Lisa Tuttle

Fence

Several years ago, my Aunt Glassell (Agnes Scott Class of '47) loaned me the photo album of my great, great aunt Lucy Brown Beale, who lived in the Northern Neck of Virginia, northeast of Richmond. I have used several of the photographs from that album in works, and this piece at Agnes Scott is a continuation of that study. This one particular photograph shows a tall, thin African American woman, wearing a black derby-like hat that shades her eyes, standing in a cow pen behind a fence, her arm drawn up across her chest. She is wearing a skirt that almost looks like pants, and a large shirt-like blouse. She looks strong and mysterious to me, both fierce and vulnerable, and I was intrigued to understand her "story." She is not smiling; she is peering suspiciously from the shadows under the brim of that hat. Like many old photographs, there is no one around anymore who can tell you anything about the person pictured, so one must speculate their own. On one level, "Fence" is my attempt to think about what it must have been like to be that African American woman, in the still-rural South, in the early 1900's, after slavery, pre-Civil Rights. The era of lynchings and race riots. And what her relationship might be to me, after all of this time…What might be my own accountability, what is still unresolved…?

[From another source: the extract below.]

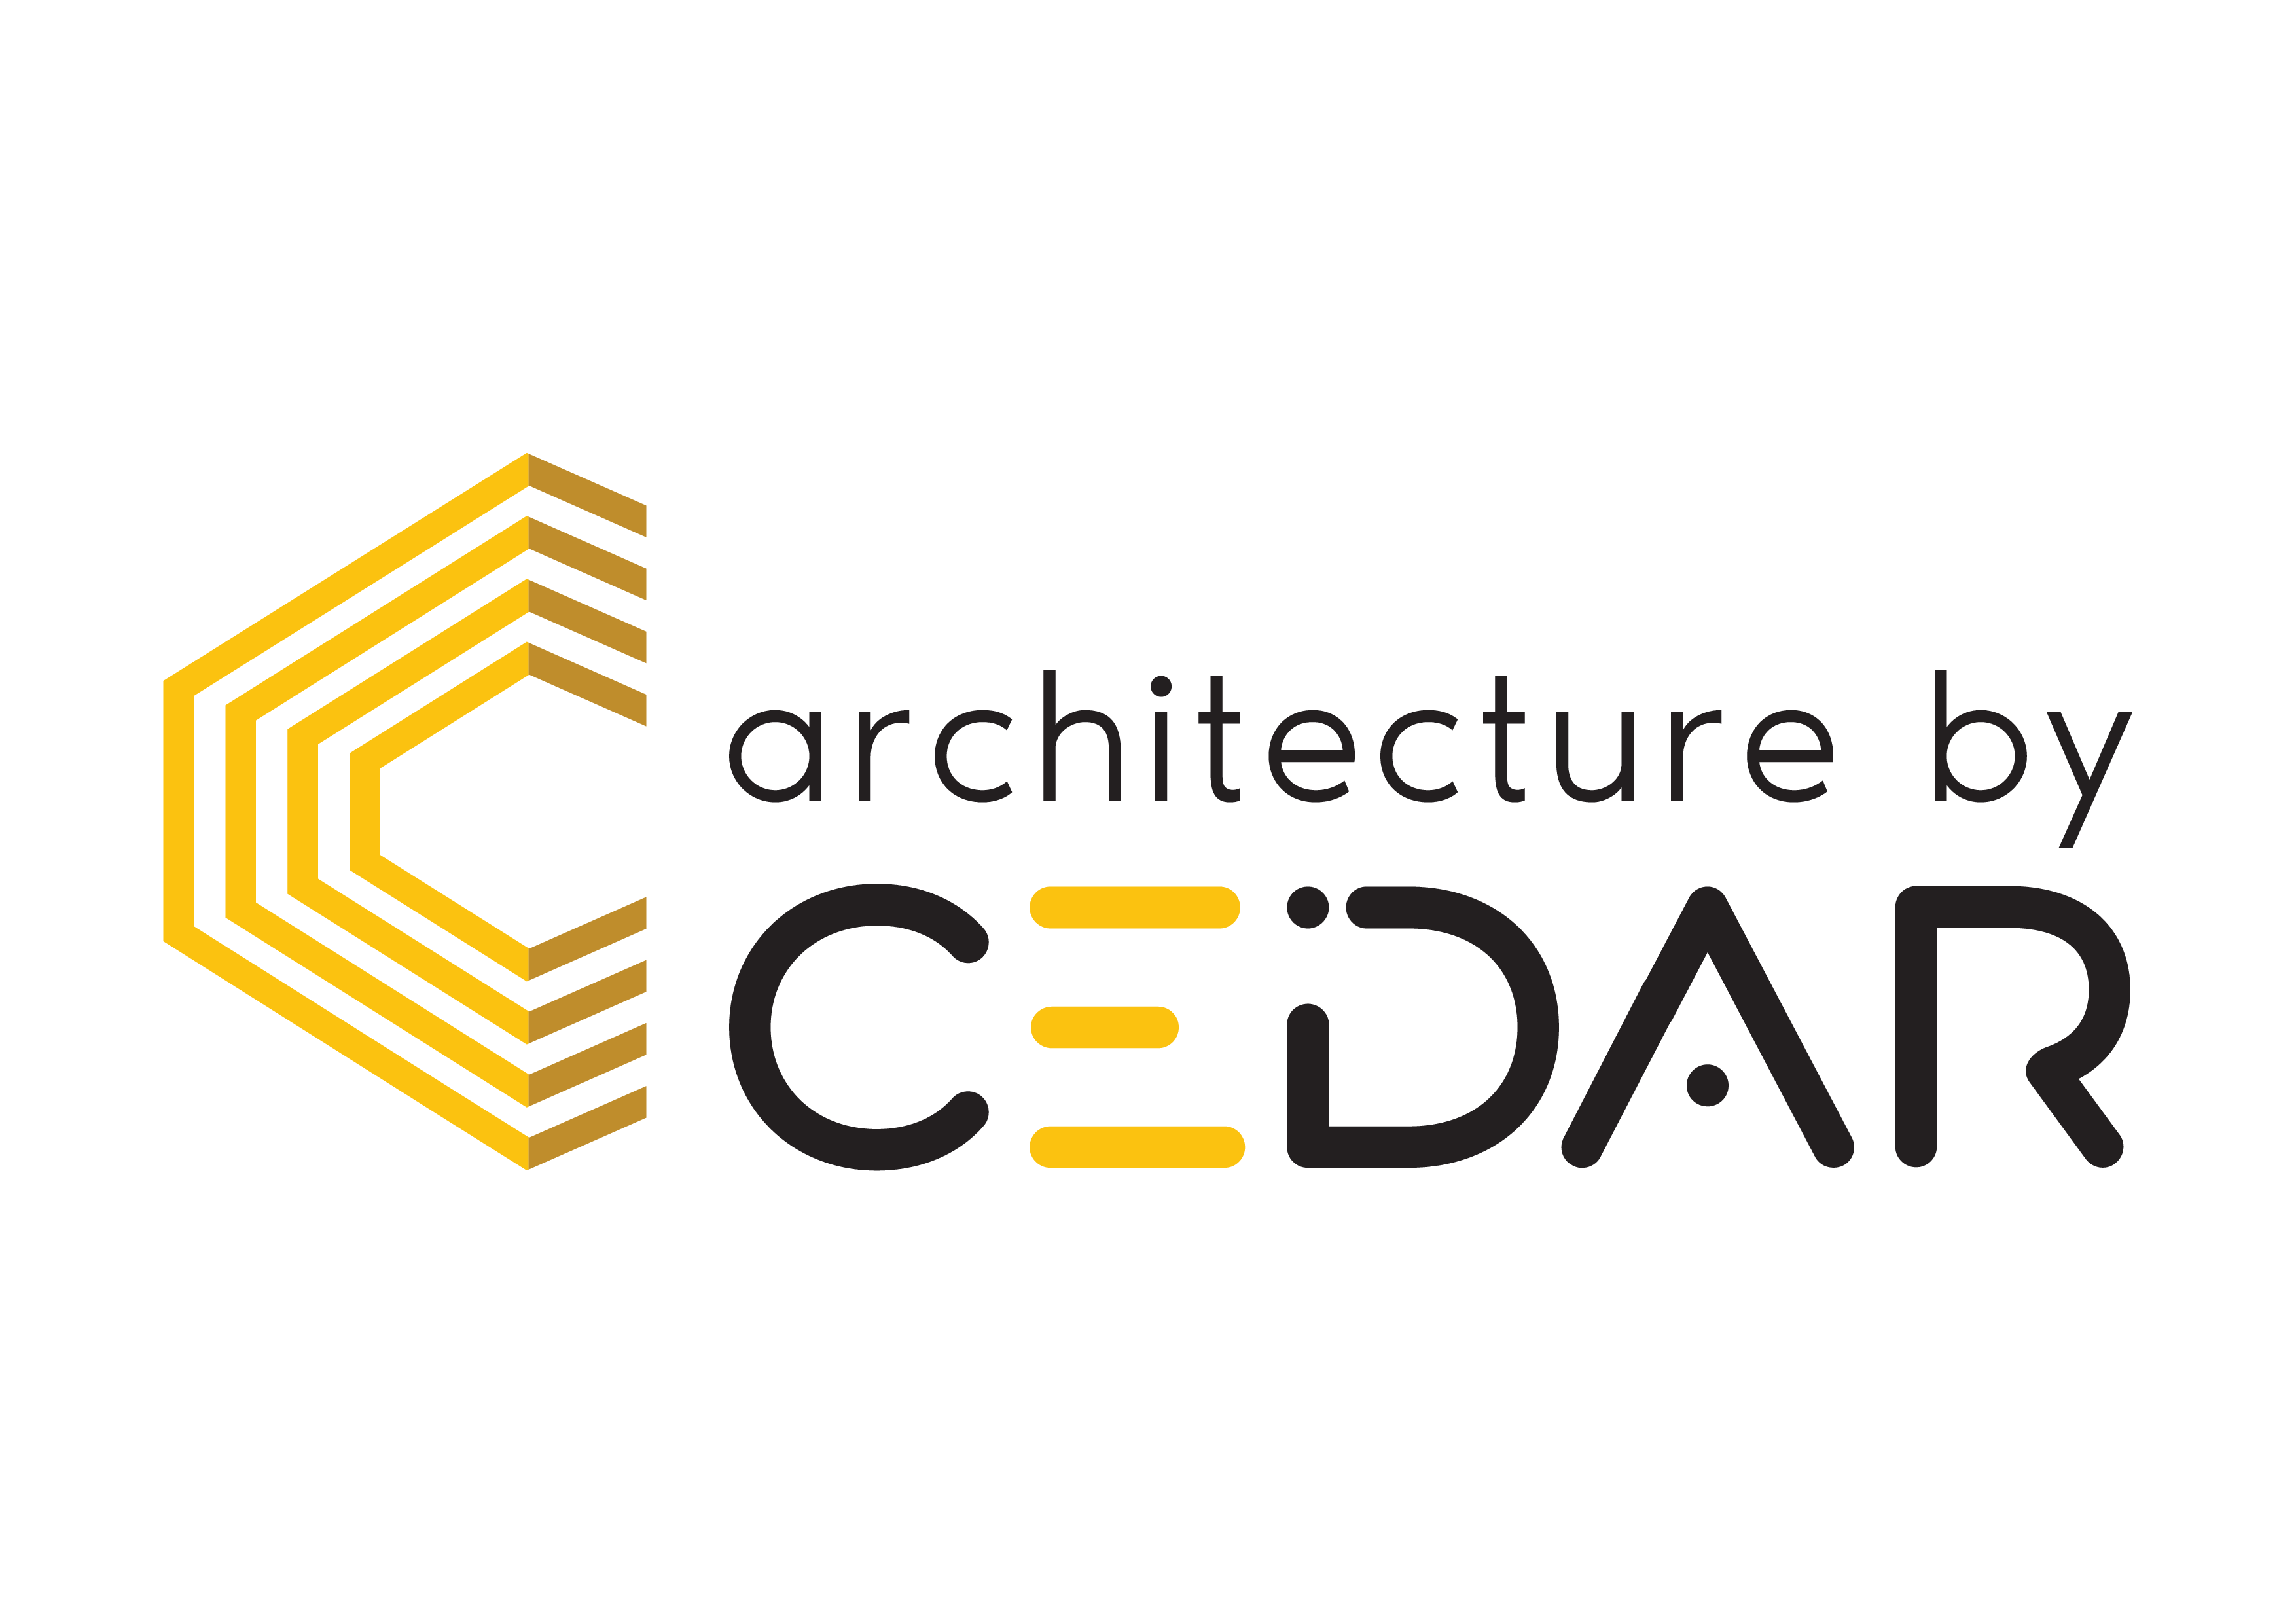 Architecture by Cedar

One hundred years ago, between September 22-24, 1906, white Atlantans, inflamed by political rhetoric and newspaper articles which reported that black men had assaulted a number of white women, roamed through downtown Atlanta, and then out to the African-American community of Brownsville, beating and harassing random black people on the street. At the end of the three days, some twenty-five black people and two white people were dead. Stories ran in the international press; the militia had to be called in to bring about order. Until a few years ago, I had never read any accounts of this historical event that is considered one of the most important events in shaping the city's history and its patterns of segregation and race relations. For too many of us, it is perhaps too easy not to think about this uncomfortable past and its continuing legacy. I so admire the efforts of STAR, Southern Truth and Reconciliation, and the Coalition to Remember the 1906 Atlanta Race Riots for their efforts to try to heal this amnesia with truth.

"Fence" is not directly meant to be a didactic work about the 1906 Race Riots, but is a visual meditation about the continuing legacy of racial segregation, contested territory and violence in our contemporary lives…left open to the viewer to interpret the relationship between the images, and to follow an implied narrative.

As you look at the close-up of the woman’s face suspiciously glancing back across that fence, I ask you to read  W.E.B. DuBois' poem, "A Litany of Atlanta" which voices the reaction of  the outraged and the wronged.  The final image on the right of the piece – the image of a seedling pushing through cement stairs – is offered both as an image of persistence of "histories we don’t want" despite our efforts to build over them, as well as a glimmer of hope and new growth.